“Put yours on the stabilizing shaft when I take mine off.”

“Stabilizing shaft,” repeated Andy, memorizing, “and the name of the airship painted on that big paddle is the Eagle. Oh, hurrah for the Eagle!”

“When I whistle once, press down with your foot. Twice, you take your foot off. When I whistle twice, pull over the handle right at your side on the center-drop.”

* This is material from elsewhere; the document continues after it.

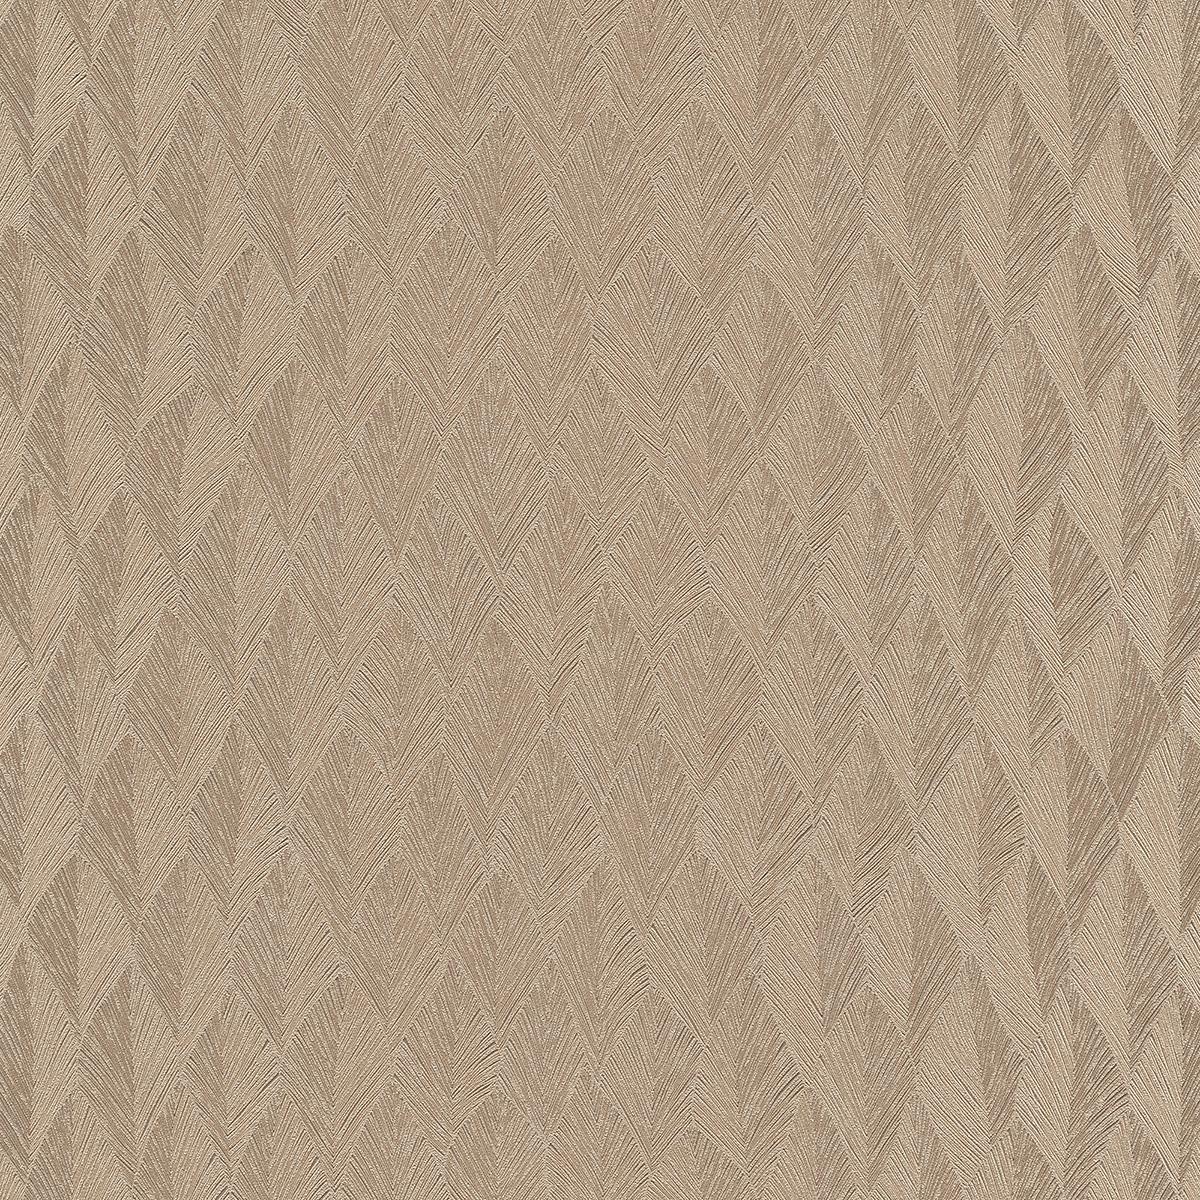 тапет Фешън 4Уолс златен отпечатък листа

“‘Center-drop’?” said Andy. “I’m getting it fast.”

Z—zip! Andy fancied that something was wrong, for the machine contorted like a horse raising on his rear feet. Toot! Andy did not lose his nerve. Toot—toot! he grasped the handle at his side and pulled it back.

“Good for you!” commended the aeronaut heartily. “Now, then, for a spin.”

Andy simply looked and felt for the next ten minutes. The pretty, dainty machine made him think of a skylark, an arrow, a rocket. He had a bouyant sensation like a person taking laughing gas.

The lifting planes moved readily under the manipulation of an expert hand. There was one level flight where the airship exceeded any railroad speed Andy had ever noted. Farms, villages, streams, hills, faded behind them in an endless panorama.

Toot!—Andy followed instructions. They slowed up over a town that seemed to be some railroad center. Beyond it the machine skimmed a broad prairie and then gracefully settled down in the center of a fenced-in space.

Its wheels struck the ground. They rolled along for about fifty yards, and halted by the side of a big tent with an open flap at one side.